Another major challenge with high-resolution methods is the difficulty of computing accurate potentials for atomic-detail protein modeling in solvent; with electrostatic and solvation terms being among the most difficult terms to accurately model. Full treatment of the free energy of a protein conformation (with correct treatment of dielectric screening) is not a problem with an efficient solution and the computational cost of full treatment of electrostatic free energy (by solving the Poisson-Boltzmann or linearized Poisson-Boltzmann equations for large numbers of conformations) is high. In spite of these difficulties several studies have shown that refinement of de novo structures with atomic-detail potentials can increase our ability to select and or generate near native structures. These methods can correctly select near native conformations from these ensembles and improve near native structures, but still rely heavily on the initial low-resolution search to produce an ensemble containing good starting structures (HPF2 like methods rely on initial search with HPF1 like methods) (Lee et al. 2001; Misura and Baker 2005; Tsai et al. 2003). Some recent examples of high res predictions are quite encouraging, and an emerging consensus in the field is that higher resolution de novo structure prediction (structure predictions with atomic detail representations of side chains) will begin to work if sampling is dramatically increased (thus the grid!). The solvation score is depicted in one of the three score panels in the HPF2 client.

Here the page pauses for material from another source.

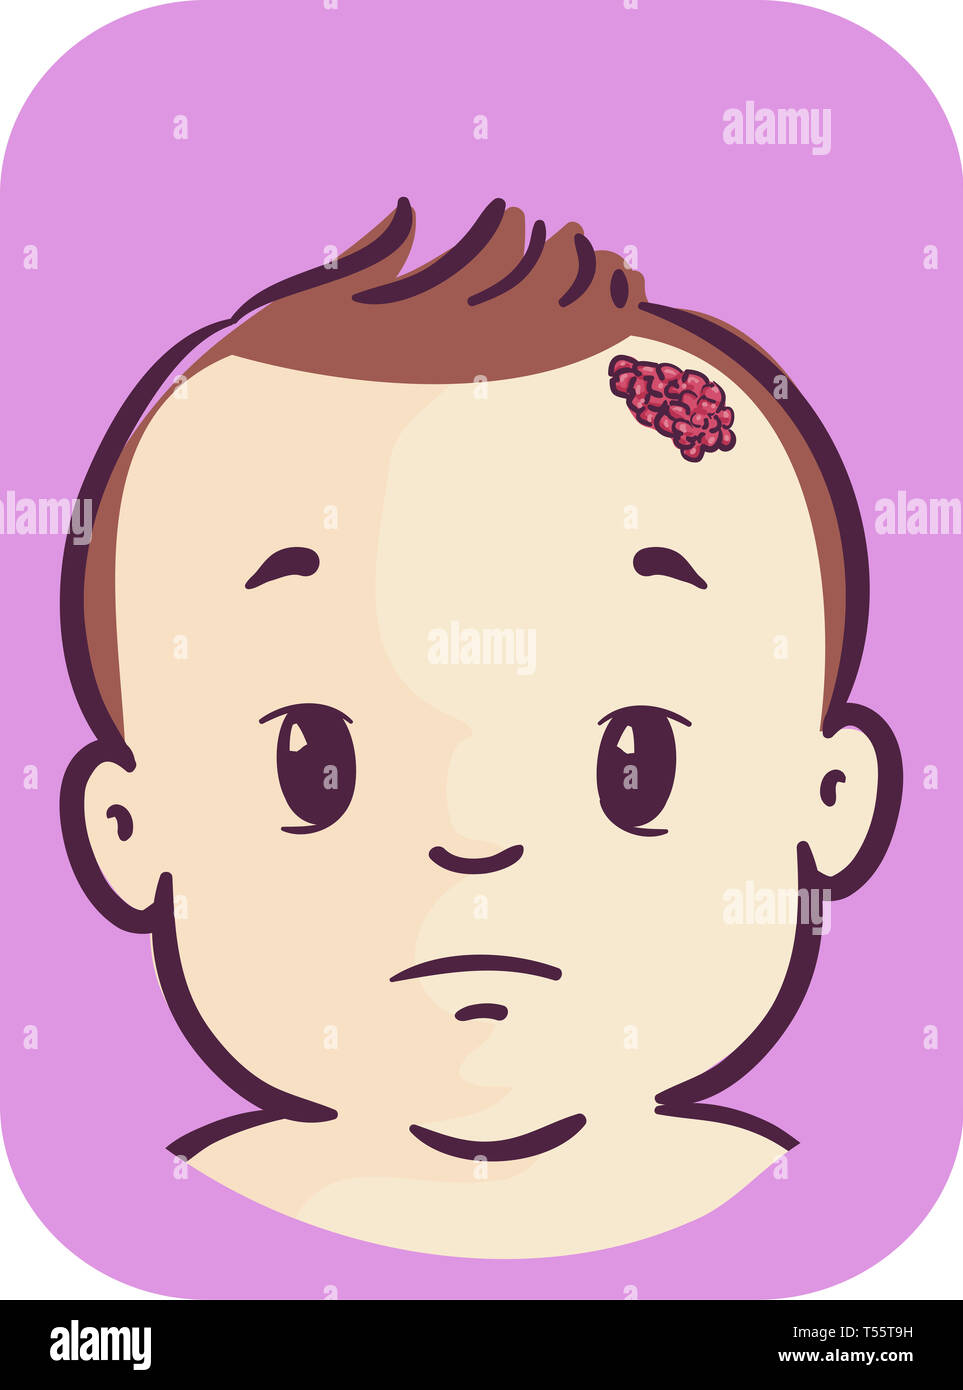 Illustration of a Baby Kid Boy with a Strawberry Nevus on His Forehead Stock Photo
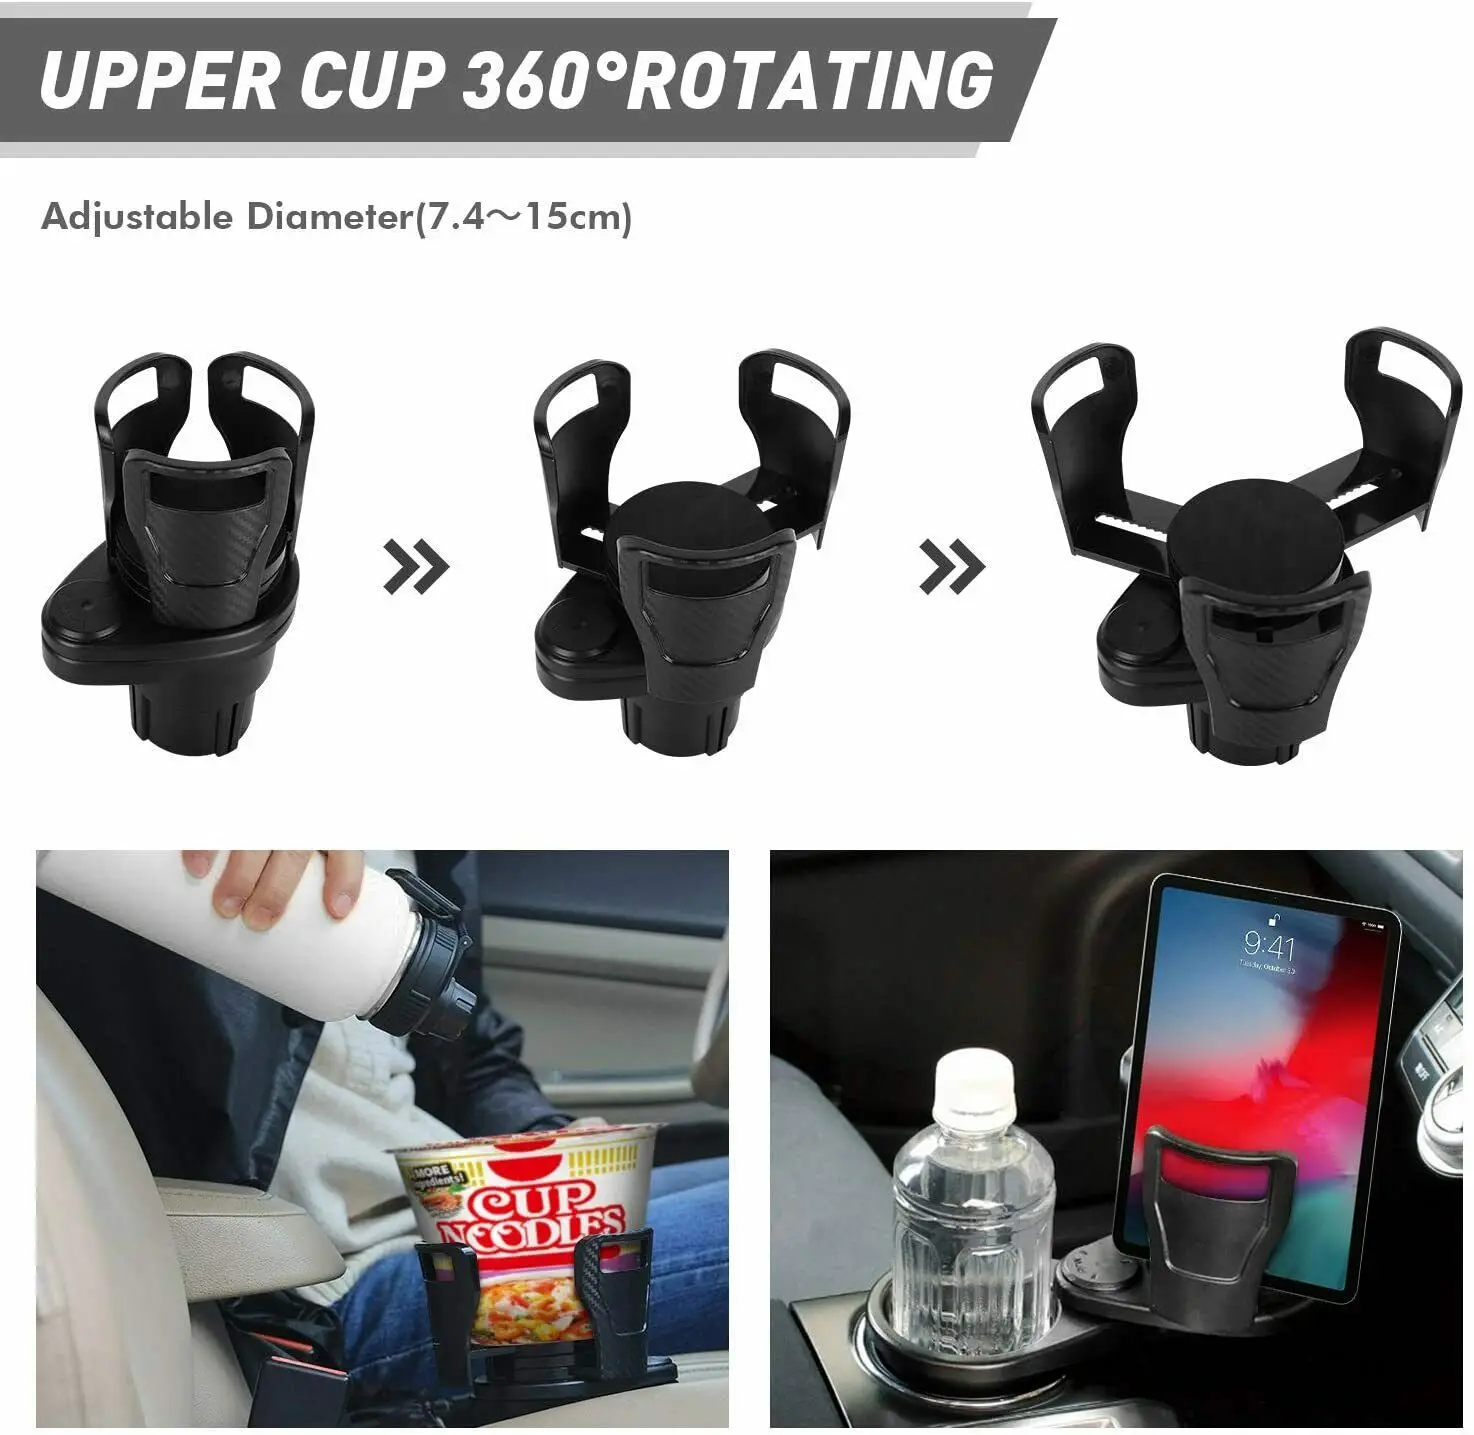 2 in 1 Multifunctional Car Cup Holder 360° Rotating Adjustable Car Cup  Holder Expander Adapter Base Tray for Snack Bottles Cups - AliExpress

The pair score in HPF2 is like the pair score in HPF1, but HPF2-pair score takes the position of Rotamers (a way of efficiently representing all side chain atoms) instead of centroid positions (representing the amino acid as a blurred out single point). So think of the HPF2 pair score as a all-atom version of the HPF1 pair score (appropriately re parameterized, of course).

Progress in high-resolution structure prediction will invariably be carried out in parallel with methods including but not limited to: predicting protein-protein interactions, designing proteins and distilling structures from partially assigned experimental data sets. Indeed many of the scoring and search strategies that high-resolution de novo structure refinement methods employ were initially developed in the context of homology modeling and protein design (Kuhlman et al. 2002) (Rohl 2004a). The Rosetta commons is currently developing Rosetta for all these methods and more. The part of Rosetta we use for HPF2 is less than half the code.